Aside from degenerative diseases, this procedure is particularly used for the treatment of sports injuries such as meniscus or cartilage damage, torn cruciate ligaments, loose bodies and other consequences of injuries or wear.
Injuries of the spine
In addition to the conservative treatment of vertebral fractures, there are various methods for the surgical treatment of fractures. Orthosis and stabilization with bone cement (kyphoplasty) is very well suited for the minimally invasive treatment of osteoporotic vertebral fractures.
Unstable fractures frequently require complex surgery. In this case, what is referred to as an “internal fixator” or additional partial replacement of the fractured vertebral body is used. Again, minimally invasive techniques are employed to implant the “internal fixator” or the vertebral body replacement.
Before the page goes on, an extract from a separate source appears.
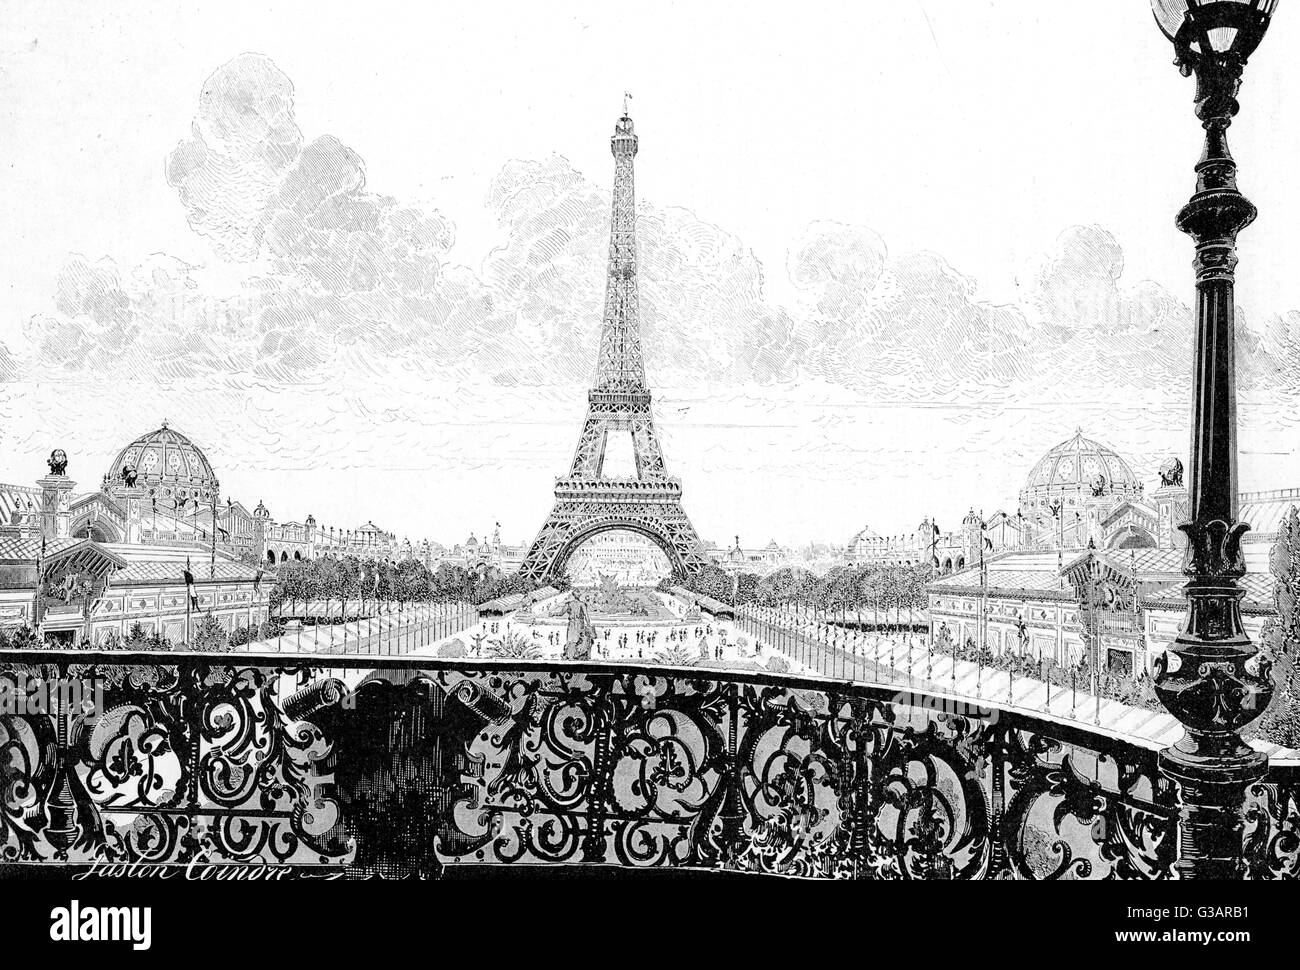 Paris, France - la Tour Eiffel. Banque D'Images
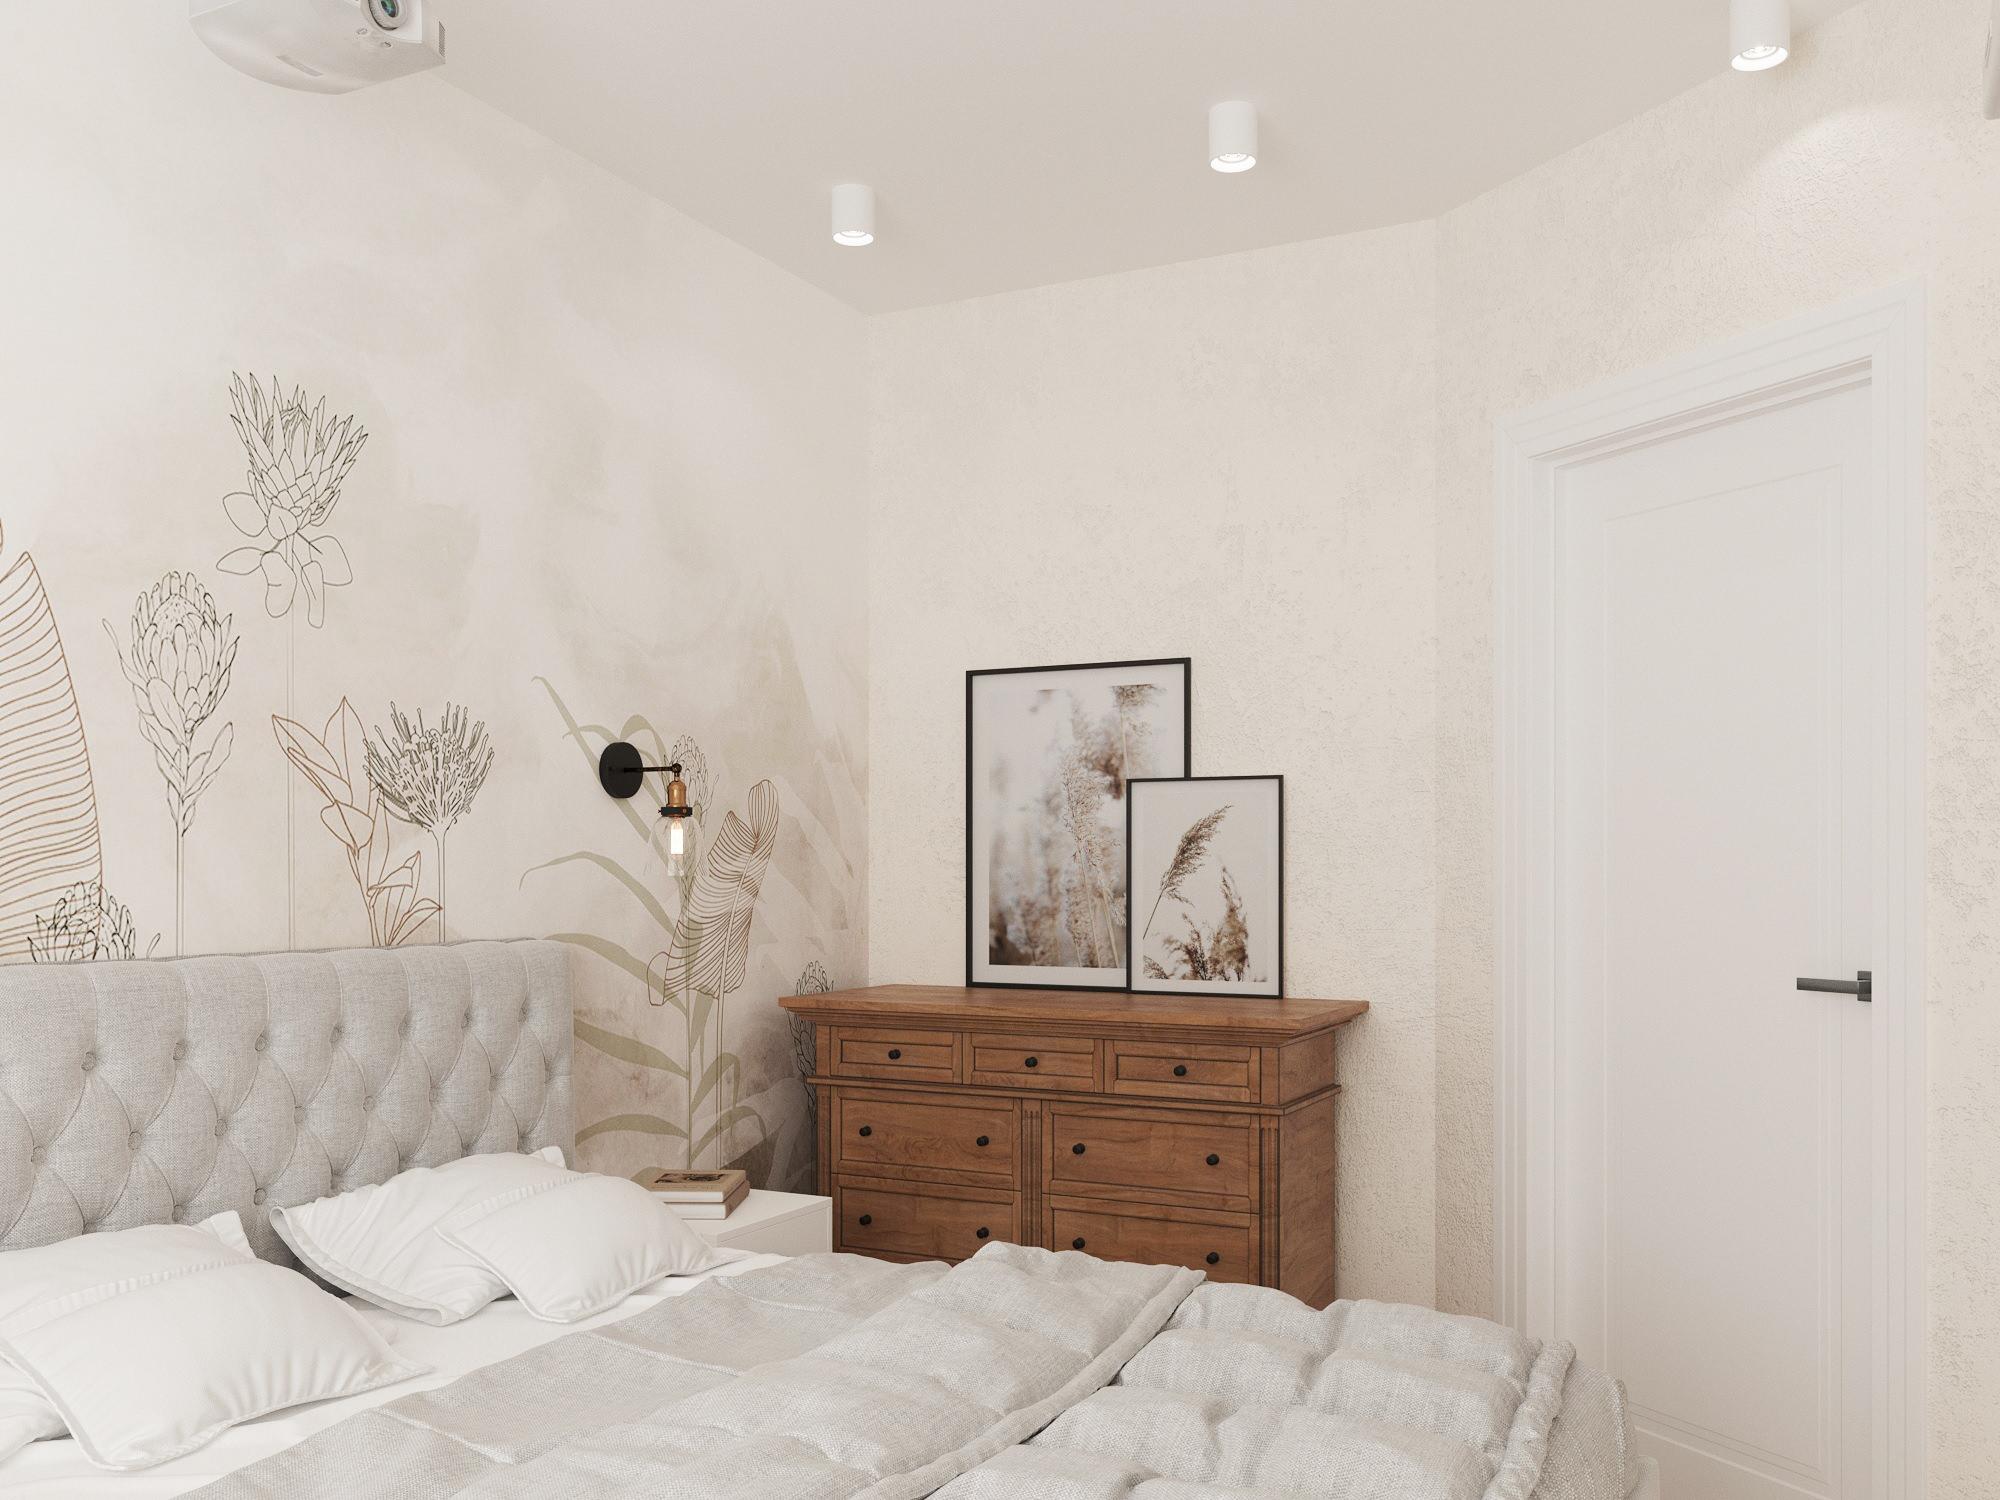 Интерьер спальни с подсветкой настенной и подсветкой светодиодной в современном стиле

Pediatric traumatology is understood to be the treatment of bone, joint, muscle and tendon injuries in children. Injuries during childhood are special, since they occur in a growing organism. For this reason, the treatment of bone fractures and joint dislocations in childhood requires special expertise that takes the special characteristics of the growing skeleton into consideration.
The compensatory and repair mechanisms of children differ from those in adults. Efficient treatment of bone fractures in children must always involve the consideration of corrective mechanisms in the growing skeleton according to age.
Klinikum Erding offers the full range of pediatric traumatology services; besides conservative treatment methods using cast immobilisation, Klinikum Erding employs in particular minimally invasive surgical techniques appropriate for children by means of transfixion wires or internal splints.